The act of influencing the immune system to elicit a robust antitumor immune response without the need for administration of drugs in solution is called immunoengineering. It is based in knowledge from diverse disciplines such as bioengineering, materials science, nanotechnology, drug delivery and immunology to influence the behavior of the immune system [1]. The recent developed (and still in development) cancer immunotherapy demonstrated that these diseases can be effectively treated without directly targeting tumor cells [2], as it confers superior outcomes relative to molecular targeted therapies or cytotoxic chemotherapy.
Even though certain tumors are moderately responsive to immunotherapy (like melanoma), response rates for the majority of indications remain low [3], as tumors exhibit primary, adaptive and acquired mechanisms of resistance [4]. This effect is, in part, due to the induction of autoimmune-type pathologies induced by immunotherapy drugs, as only a small percentage of the administered dose specifically acts on target leukocytes at target sites. Immune-related adverse events (irAEs) comprise a commonly observed in clinic set of self directed inflammatory processes associated with cancer immunotherapy due to the administration of immunomodulatory compounds that can disrupt the homeostatic functions of immune cells at non-target sites. In this regard, being able to break the tumor immune tolerance without breaking the systemic immune tolerance would meaningfully change disease progression. Immunoengineering, based on recent nanotechnology and bioengineering developments [5], can improve not only the safety but also the efficacy of cancer immunotherapy by designing new drug delivery solutions that targets specific cells within particular anatomical locations [6].

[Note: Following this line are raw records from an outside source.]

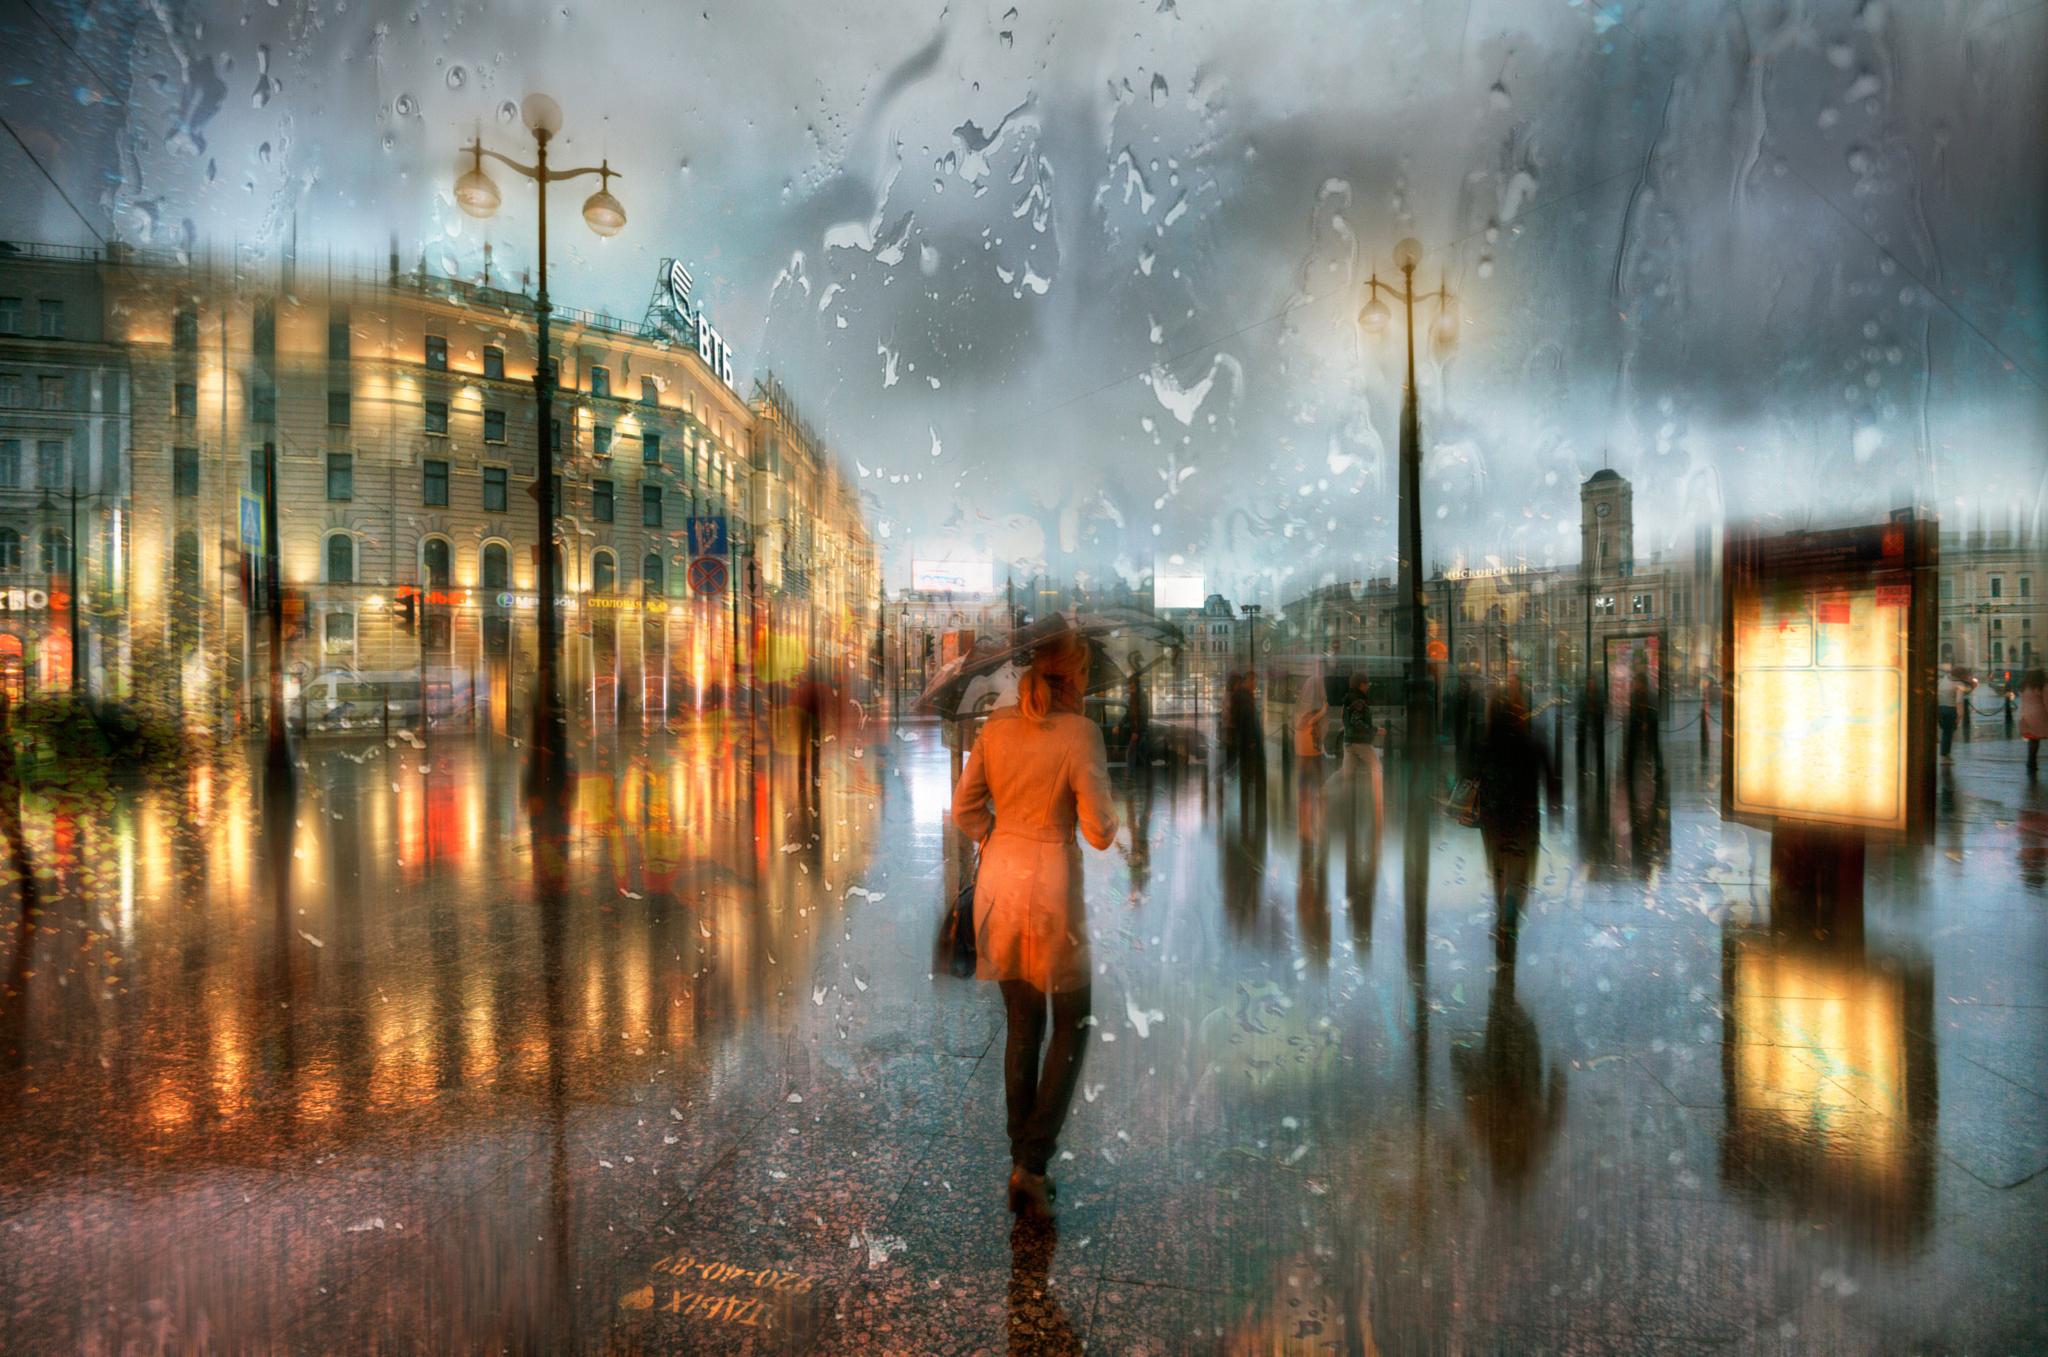 Дождь питер обои для рабочего стола
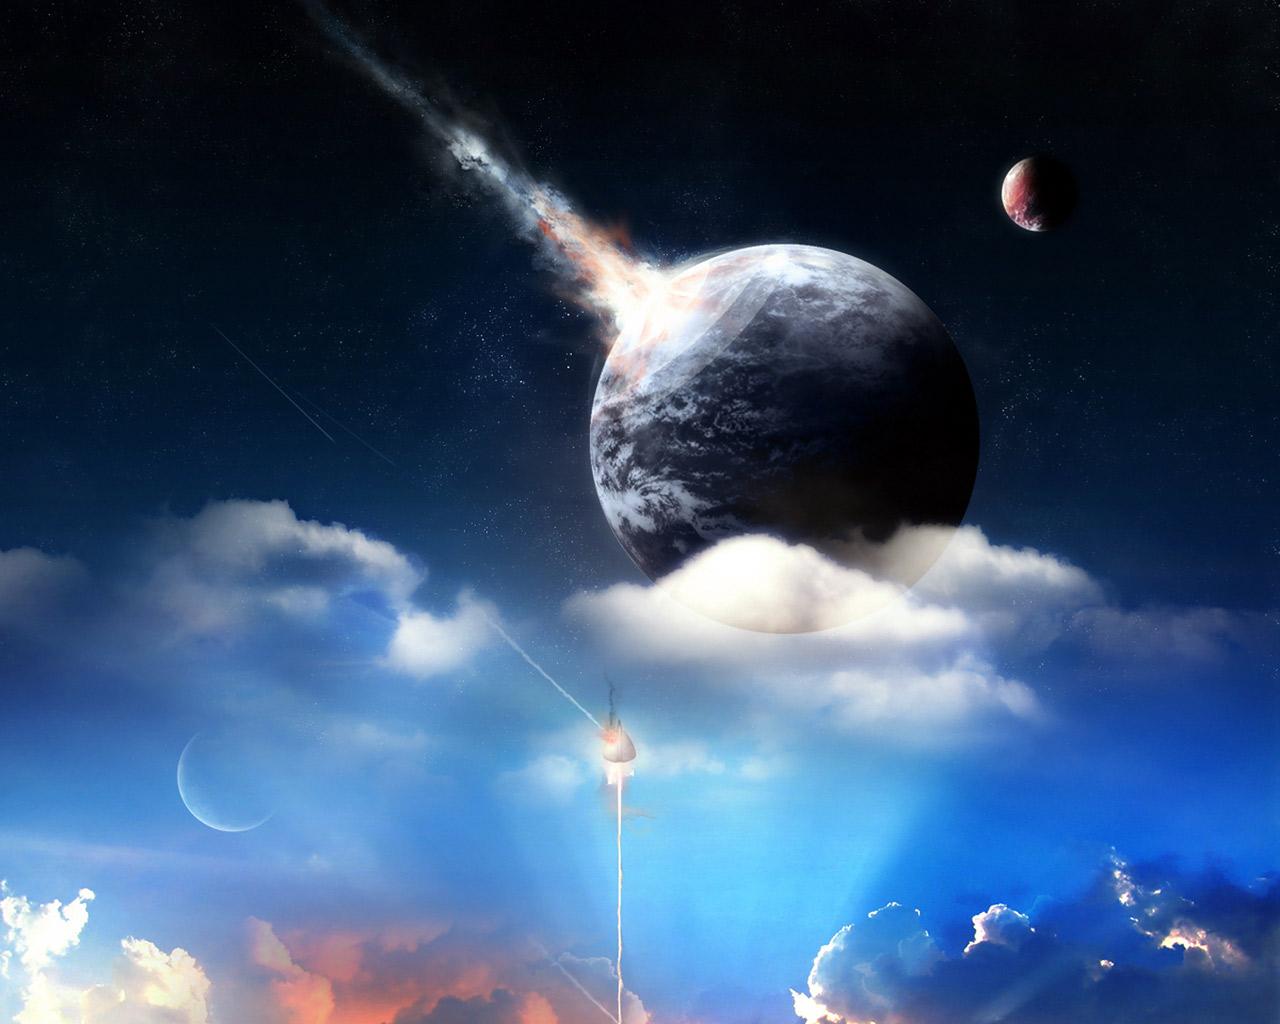 запуск ракеты, планета, небо, скачать фото, космос, обои для рабочего стола, space wallpaper
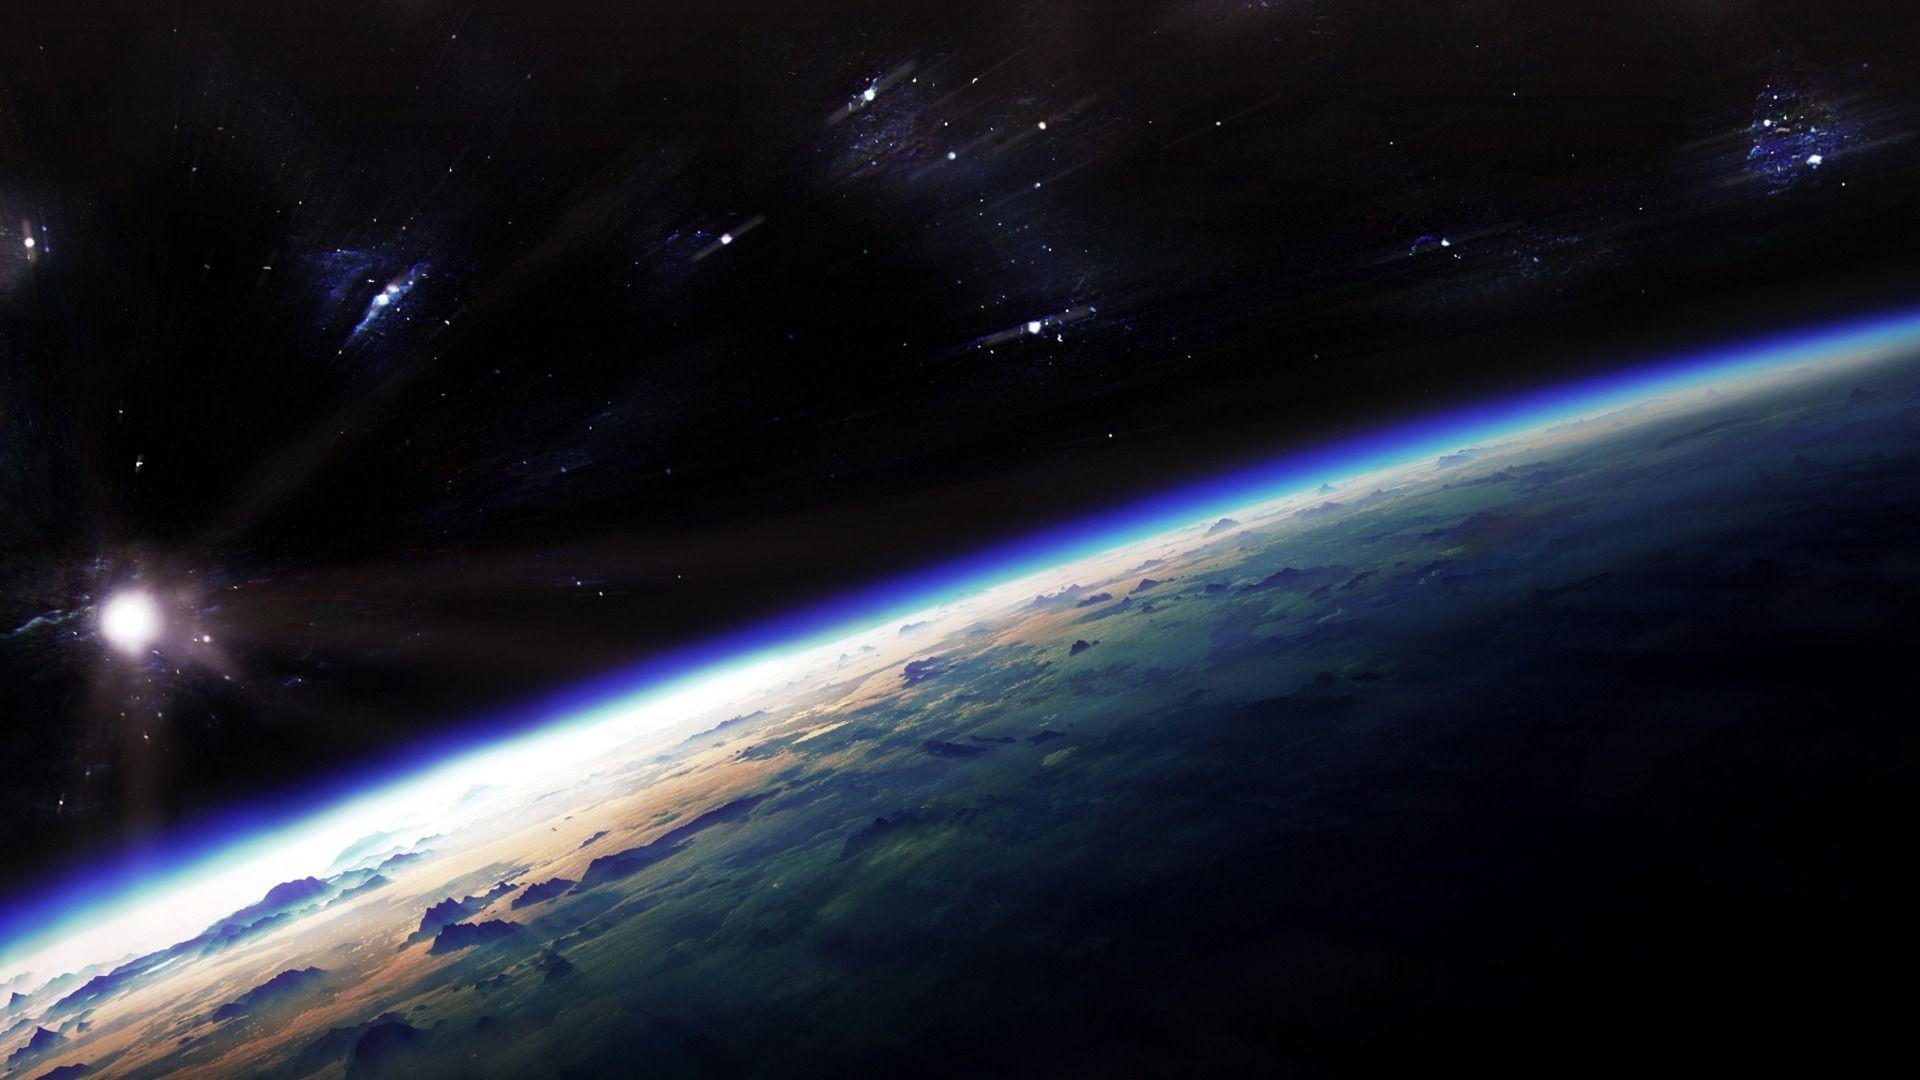 Dark-Blue-Full-HD-Space-Wallpapers.jpg

A general view of some immunoengineering strategies to combat cancer. Abdou P, et al. Advances in engineering local drug delivery systems for cancer immunotherapy. Wiley Interdiscip Rev Nanomed Nanobiotechnol. 2020 Sep;12(5):e1632. doi: 10.1002/wnan.1632.
It has been demonstrated that extended release of immunotherapy from particles or matrices confers vastly superior safety and efficacy relative to its administration in solution. Furthermore, local retention is very important for immunotherapies that modulate adaptive immunity. For example, antibodies that mediate immune checkpoint blockade (ICB) can be retained at the site of infection by conjugating to them super affinity peptides that bind to components of the extracellular matrix (ECM), thus reducing antibody levels within the circulation and preventing systemic side effects. Engineering a liposome nanocarrier with an anti CD137 and IL-2-Fc domain fusion protein restricted its distribution to the tumor parenchyma and tumor-draining lymph nodes where T cells are primed by antigen presenting cells (APCs), preventing leakage into circulation [7]. Even if administered systemically, anchored liposomes could provide antitumor efficacy in the absence of systemic toxicity.
It is worth noting that whereas nanoparticles containing cancer cell-intrinsic drugs must deliver their cargo to the vast majority of targets within a tumor to be effective, even a modest accrual of immunotherapy loaded particles can elicit robust antitumoral responses because immune cells can proliferate as well as propagate the response by activating complementary immune cells.
Improving effector responses through vaccine formulation. Goldberg MS. Improving cancer immunotherapy through nanotechnology. Nat Rev Cancer. 2019 Oct;19(10):587-602. doi: 10.1038/s41568-019-0186-9.
Immunoengineering can also be applied ex vivo, especially for the activation and expansion of T cells prior to their adoptive transfer. The standard protocol for manufacturing autologous T cells for adoptive transfer involves the use of spherical superparamagnetic polymer particles coated with anti-CD3 and anti-CD28 antibodies, that constituted the first generation of artificial APCs (aAPCs). Promoting the aggregation of aAPCs will lead to the clustering of activated T cell receptors (TCRs), thus increasing T cell activation [8]. Alternatively, these particles can be used to enrich and expand rare tumor-specific T cells from bulk leukocyte populations [9]. Engineering the shape, size, concentration, stimuli and ligand choice and density of aAPCs impacts the quality of T cells for adoptive cell transfer, and tuning the spatial arrangement and diffusivity of surface factors can promote the formation of immunological synapses and receptor clustering. Carbon nanotubes and polymer-based aAPCs have been also used to great effect due to the high surface area of these materials [10, 11].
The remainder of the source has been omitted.